Grève à la Sermat :

Les dockers toujours mobilisés


Publié / Actualisé
Toujours pas d'avancées dans le conflit opposant direction et dockers de la Sermat. Ces derniers ont entamé ce mercredi 15 mai 2013 leur 13ème jour de grève. Hier mardi, les discussions n'ont pas abouti. Déterminés, les grévistes protestent contre le licenciement de 19 personnes. Depuis le début du conflit, plus d'un millier de conteneurs sont en attente de traitement. Aucune réunion n'est prévue ce mercredi.
Toujours pas d'avancées dans le conflit opposant direction et dockers de la Sermat.
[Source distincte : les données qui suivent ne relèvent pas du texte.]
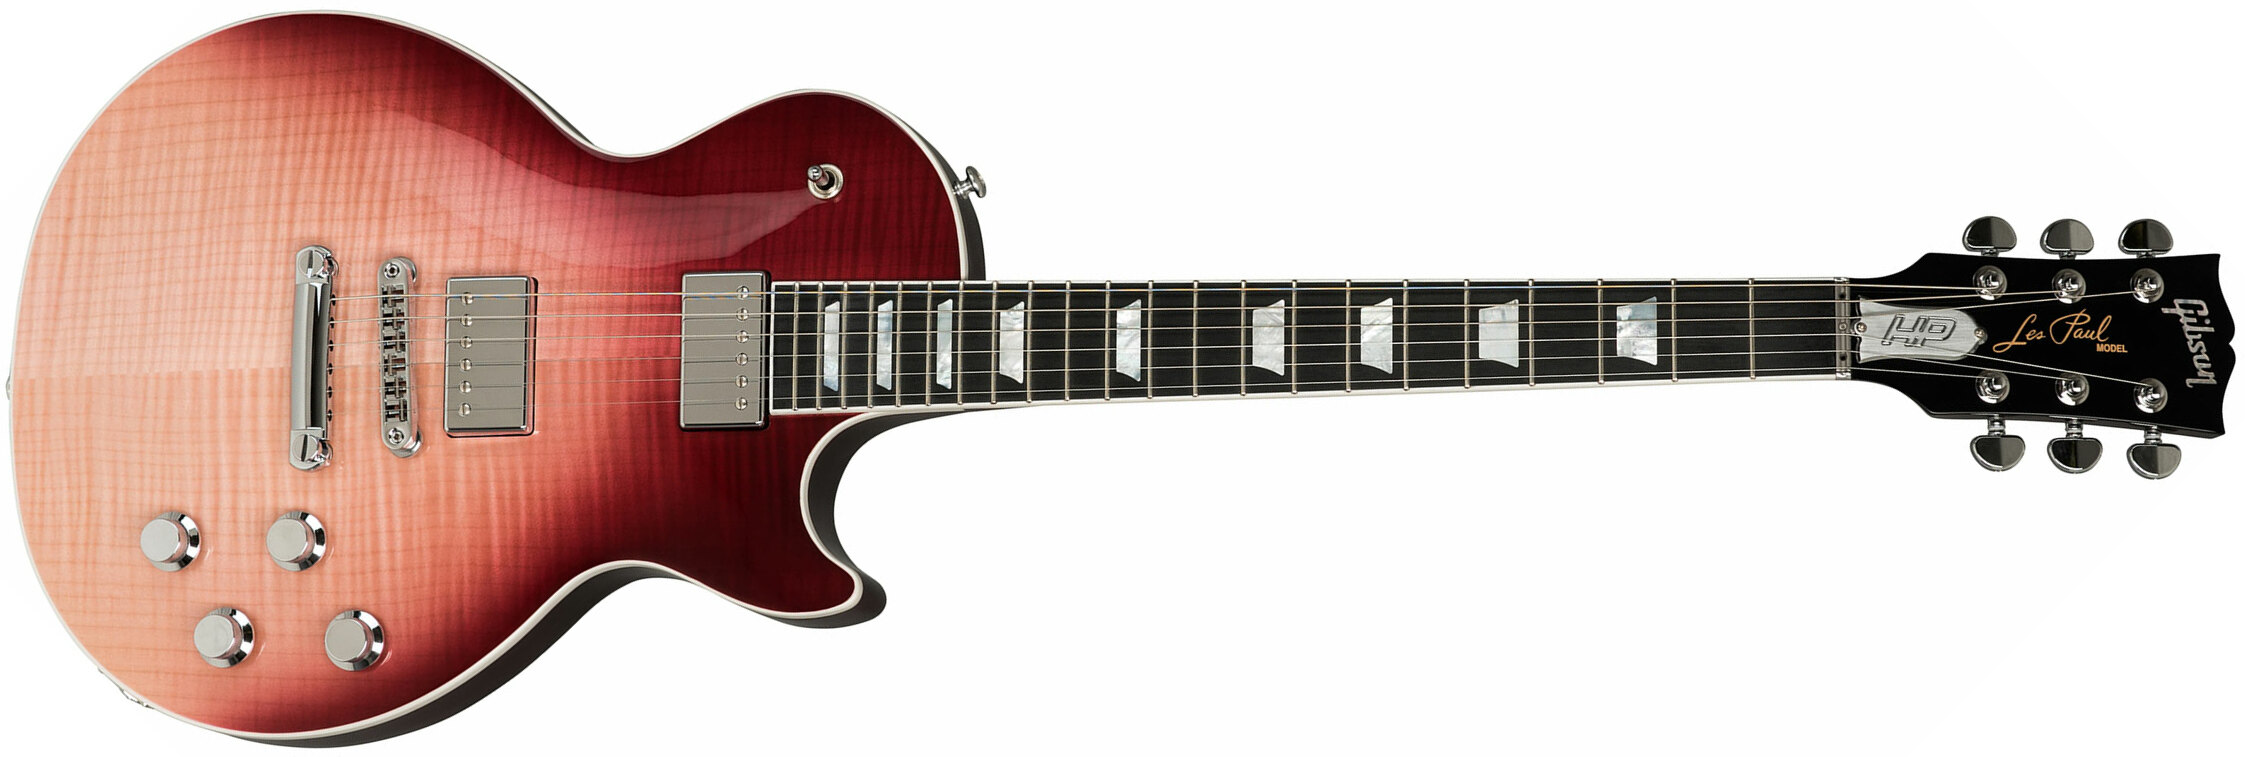 Gibson Les Paul Standard Hp-ii 2018 2h Ht Ric - Hot Pink Fade - Guitare Électrique Single Cut - Main picture

Ces derniers ont entamé ce mercredi 15 mai 2013 leur 13ème jour de grève. Hier mardi, les discussions n'ont pas abouti. Déterminés, les grévistes protestent contre le licenciement de 19 personnes. Depuis le début du conflit, plus d'un millier de conteneurs sont en attente de traitement. Aucune réunion n'est prévue ce mercredi.

Pour rappel, hier mardi, la réunion de négociations entre la direction du GIE Sermat et les dockers a été vaine. Aucune solution n'a été trouvée à l'issue de plus d'une heure de discussions. Les deux parties campent sur leur position. Le patronat maintient son plan social portant sur le licenciement de 19 salariés et le transfert du personnel restant au sein d'une autre société. La CGTR est opposée à ces deux décisions et réclame une mise à plat des comptes afin de vérifier la réalité des difficultés financières du GIE Sermat.

Par ailleurs, dans un communiqué publié ce mardi après-midi, Jean-Bernard Caroupaye, président de la FNTR (fédération nationale des transporteurs routiers) estime que la stuation actuelle "a des conséquences catastrophiques sur l’activité des transporteurs". Il souligne que "le manque à gagner est énorme surtout notre profession est déjà extrêmement touchée par la crise". Il demande une reprise du dialogue entre les différents acteurs du conflit et il prévient : "si aucune issue favorable n’est trouvée, nous n’excluons pas la possibilité d’une mobilisation des transporteurs dans le Port afin de sensibiliser et d’alerter les pouvoirs publics sur une situation qui n’a que trop duré".